---------- Data supplied ----------
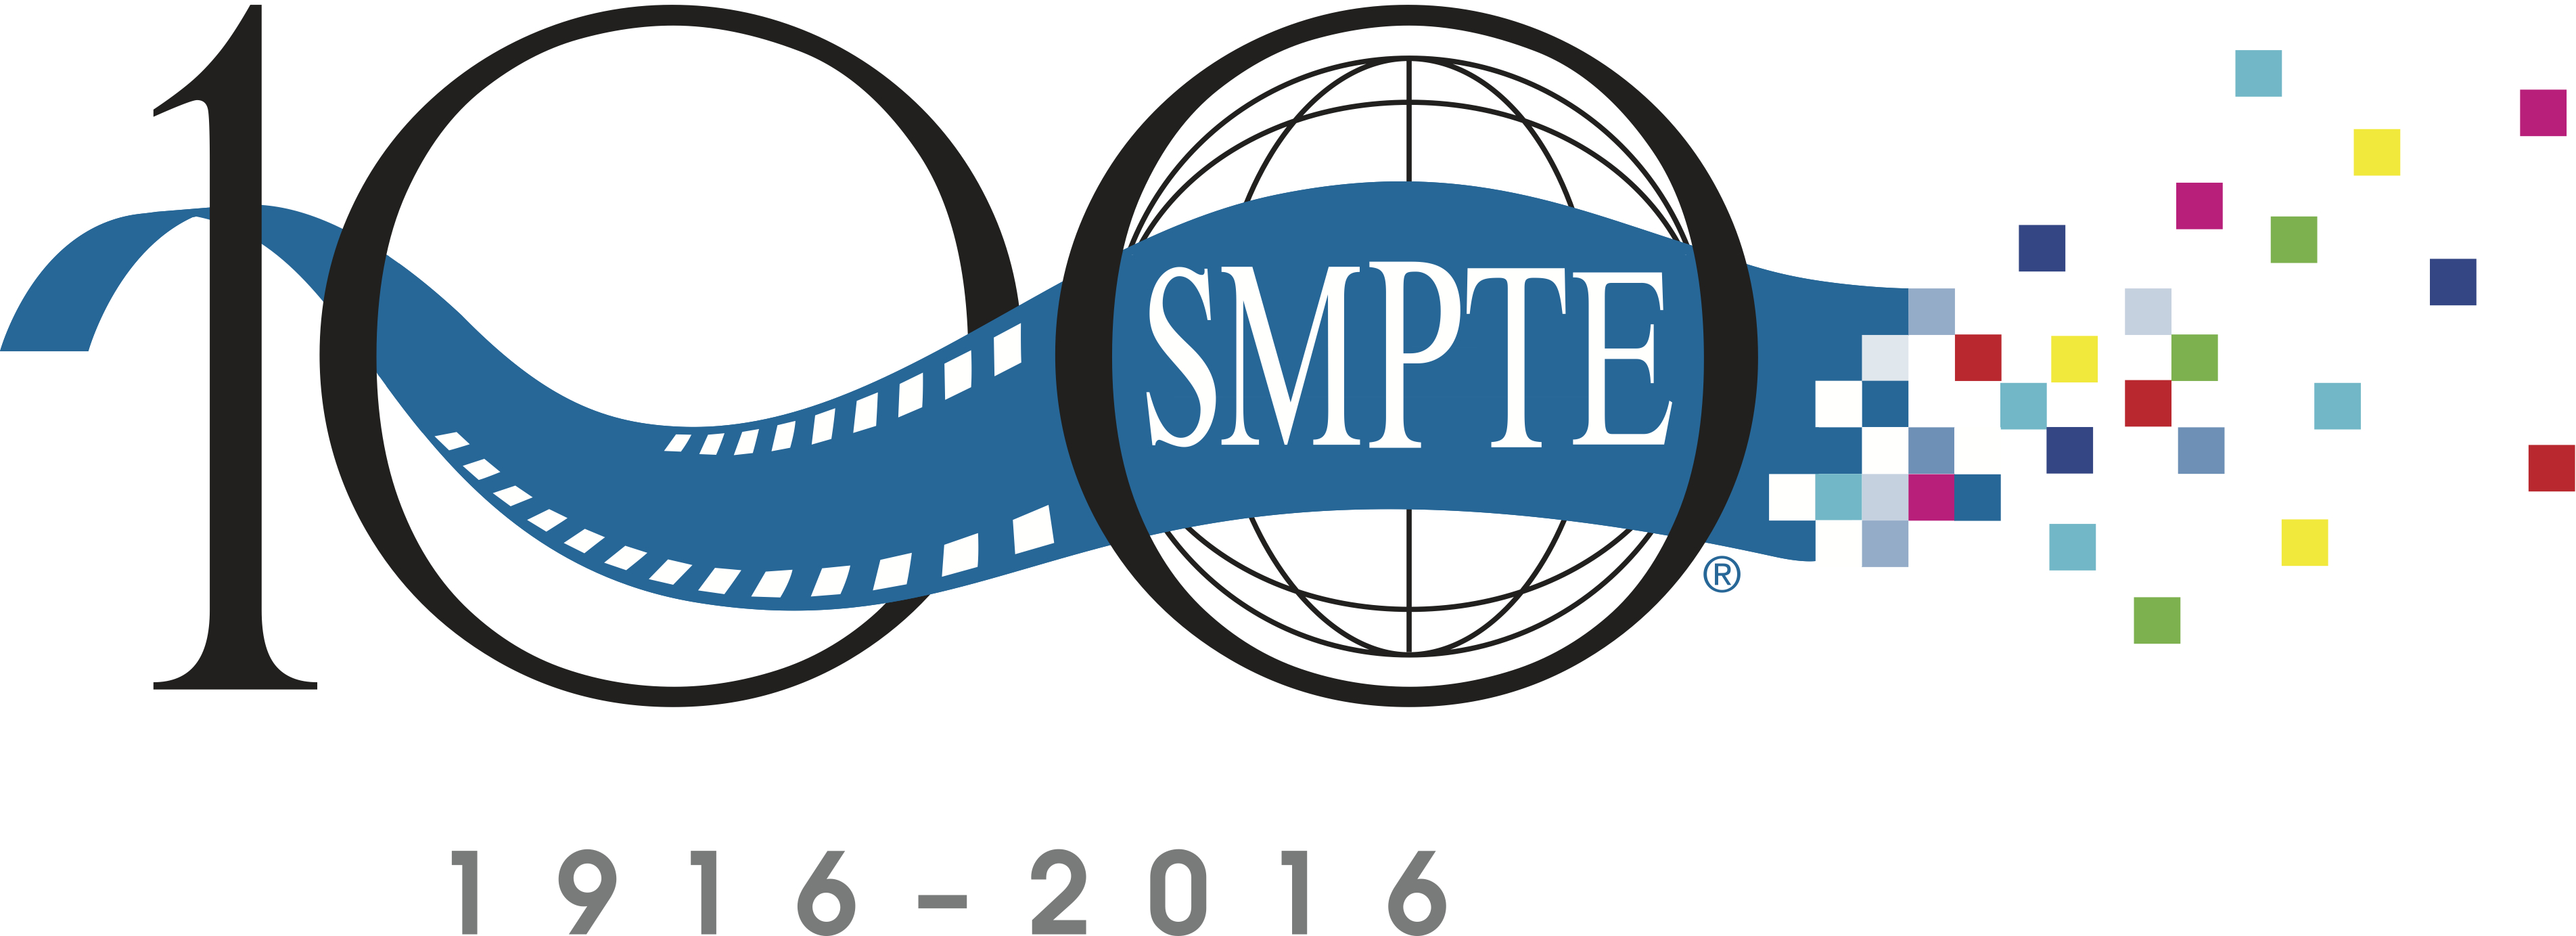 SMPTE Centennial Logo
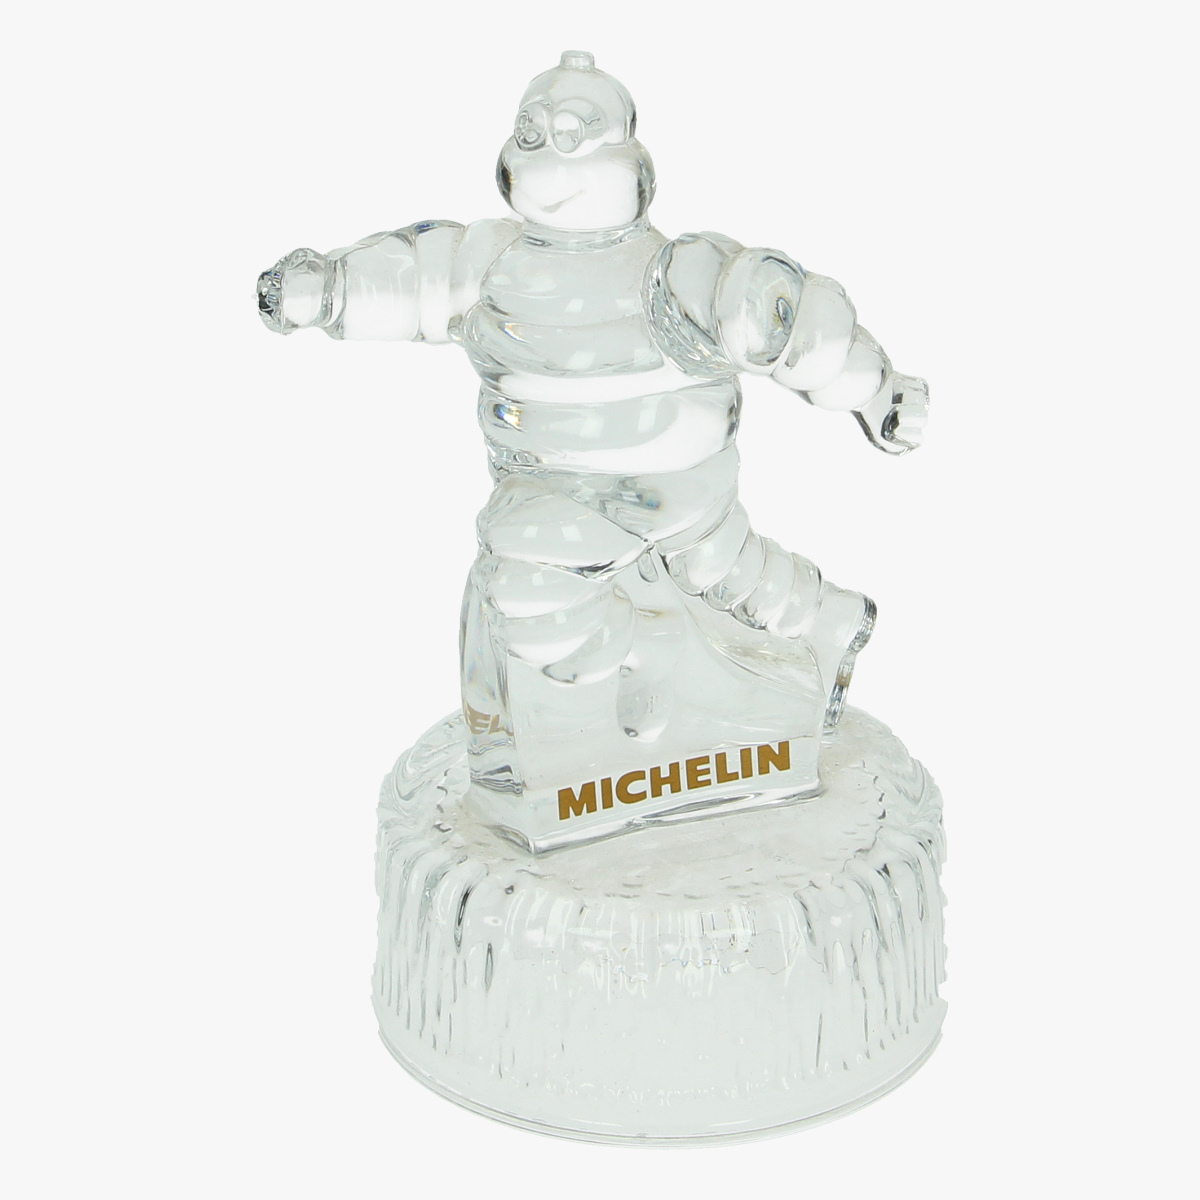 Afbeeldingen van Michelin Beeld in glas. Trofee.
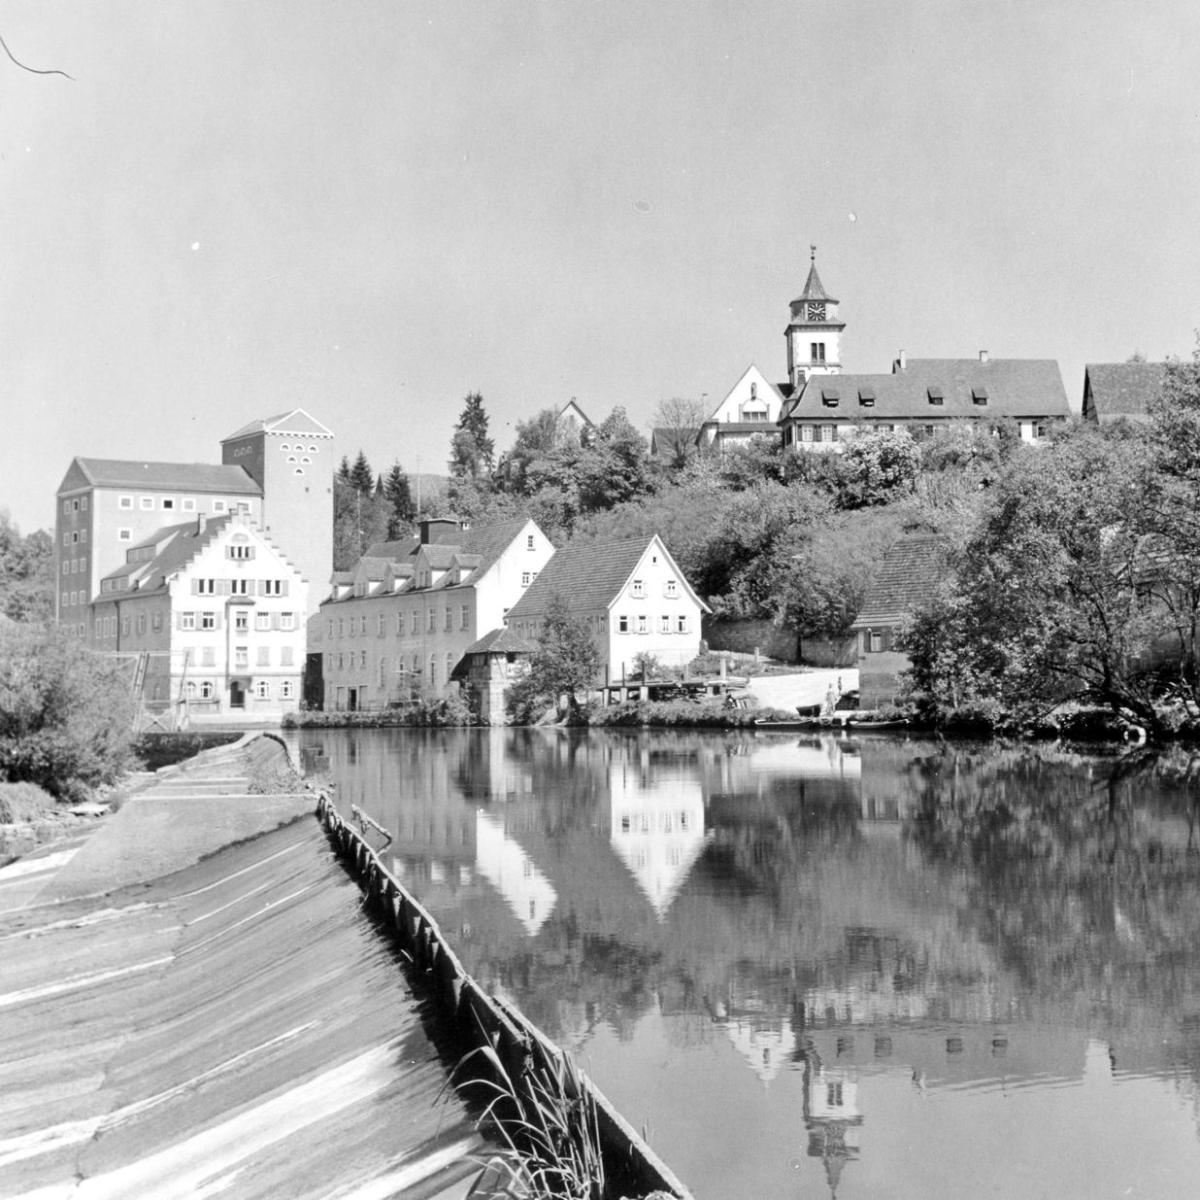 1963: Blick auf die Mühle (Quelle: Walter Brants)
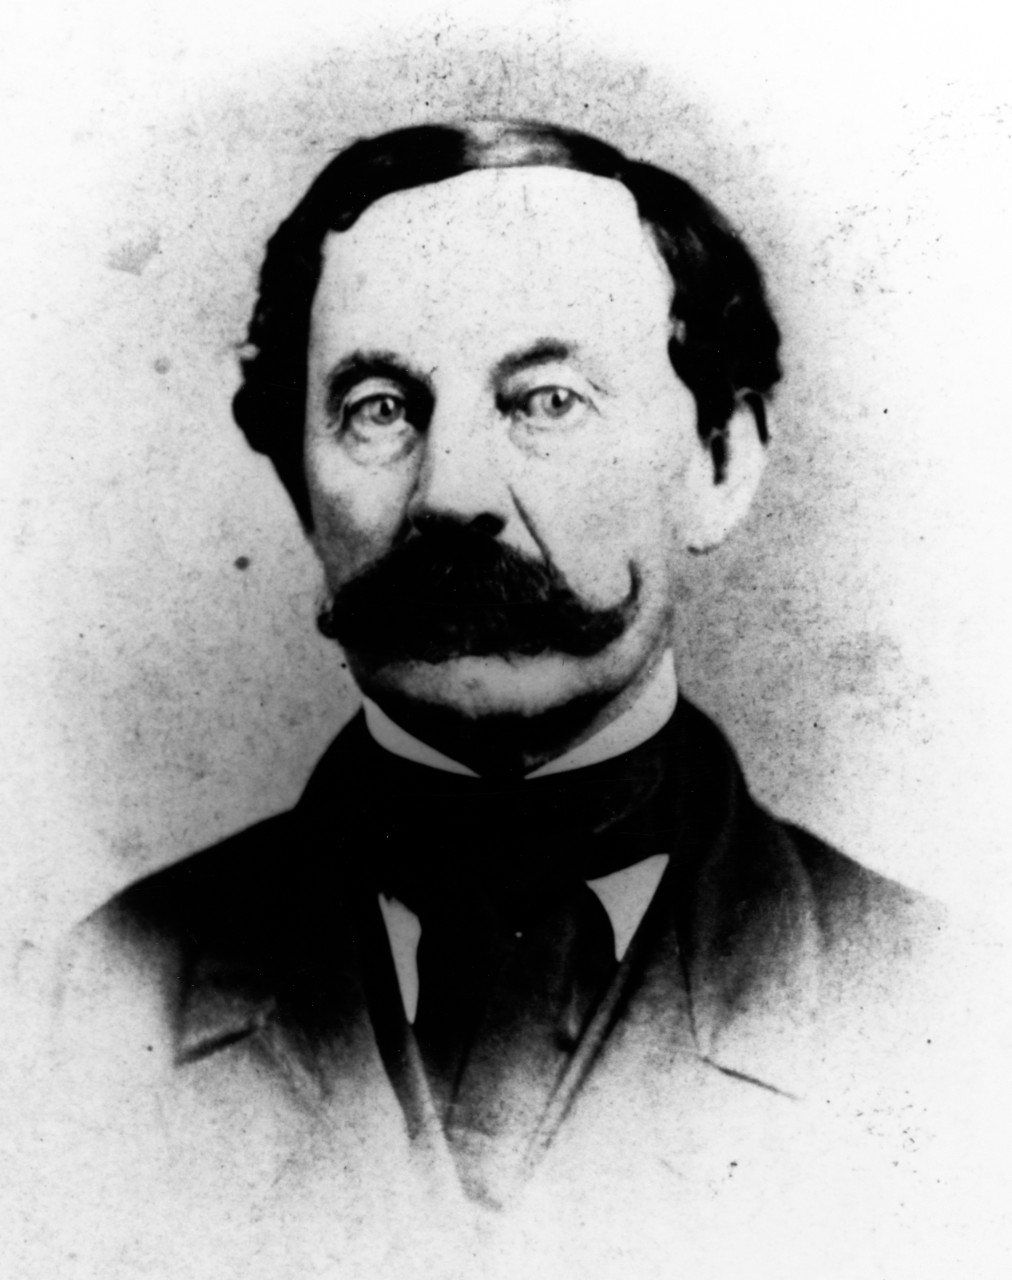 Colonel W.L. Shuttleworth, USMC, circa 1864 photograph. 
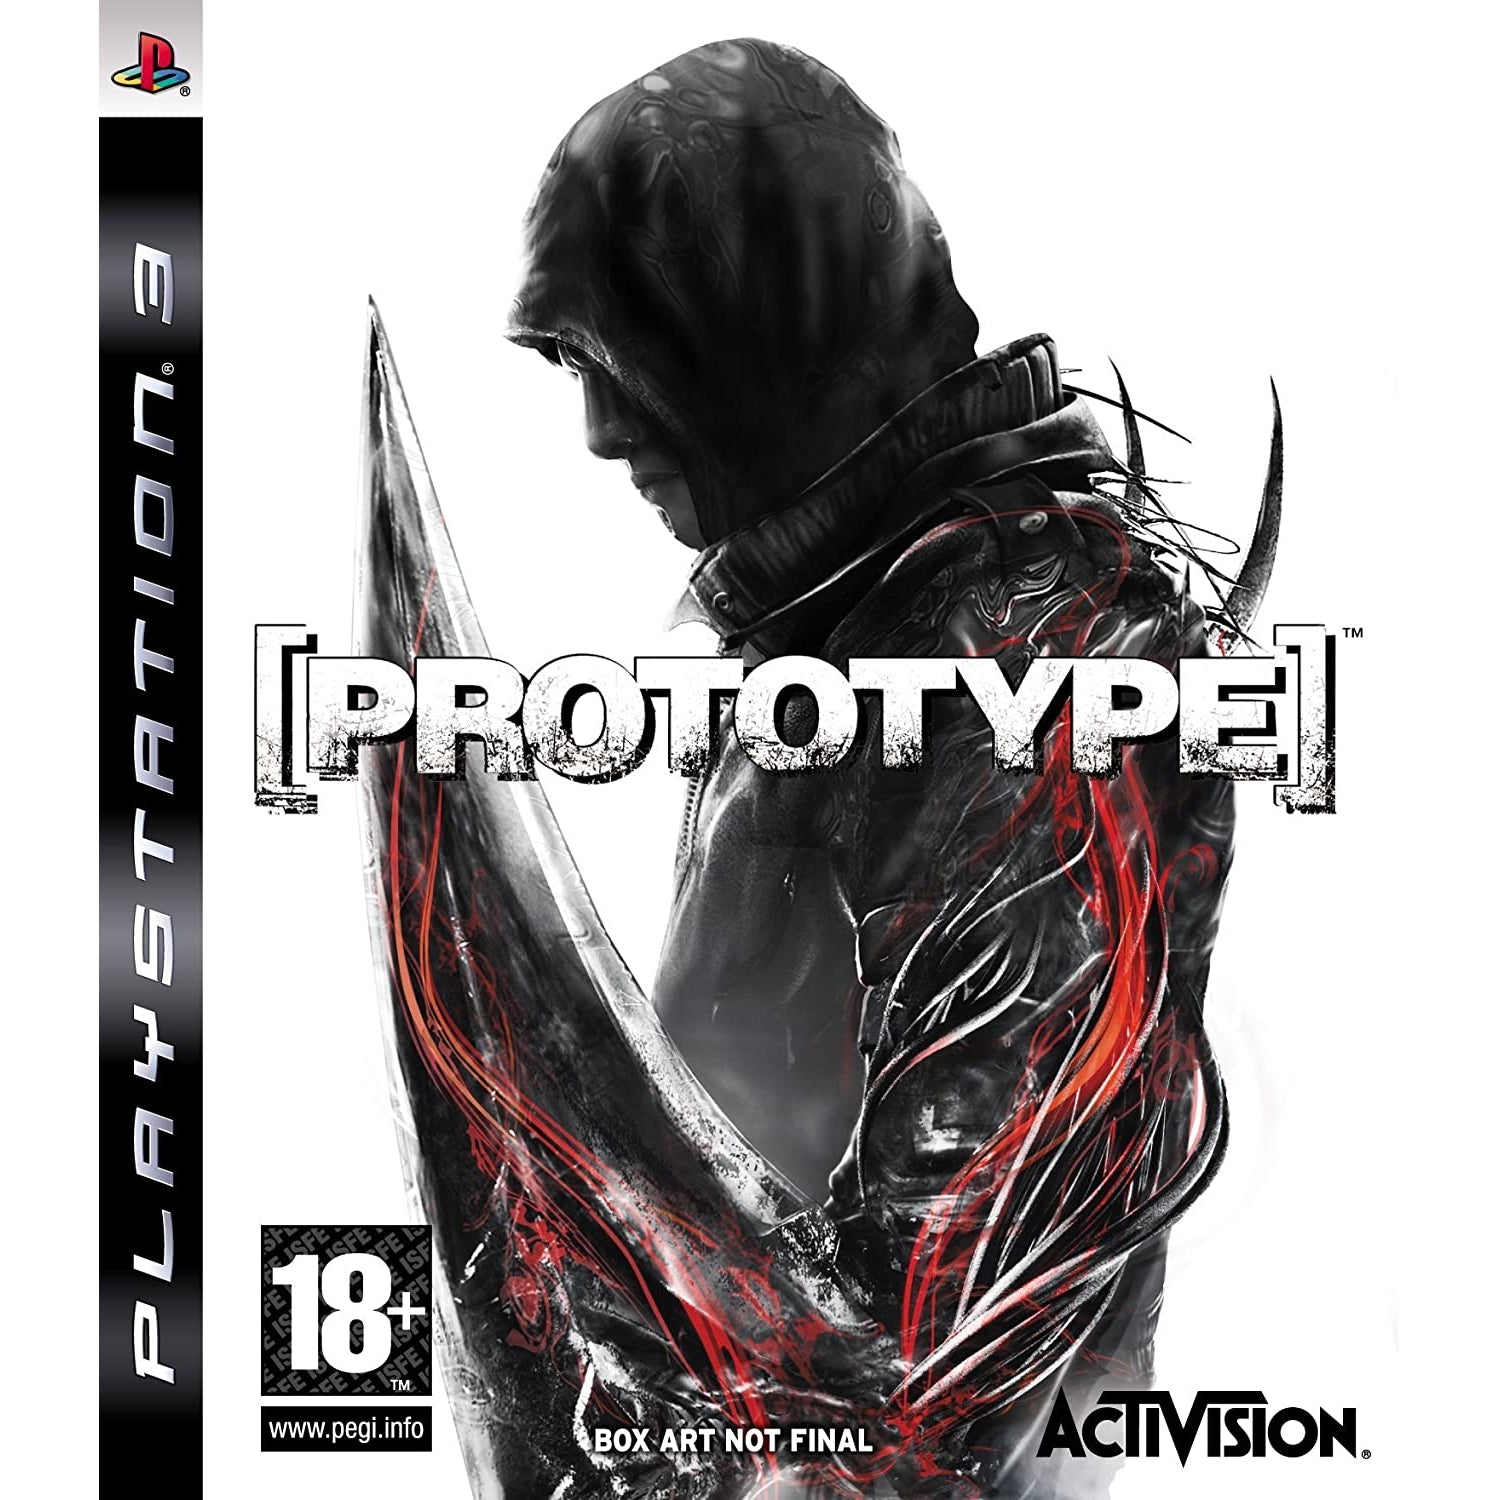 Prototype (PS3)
----------
» Instructions for the task
Quote exactly, and nothing besides, the lines from the one with "1963: Blick auf" through the end of the records above; include both ends and omit the pictures.

» Your response
 1963: Blick auf die Mühle (Quelle: Walter Brants)
 Colonel W.L. Shuttleworth, USMC, circa 1864 photograph. 
 Prototype (PS3)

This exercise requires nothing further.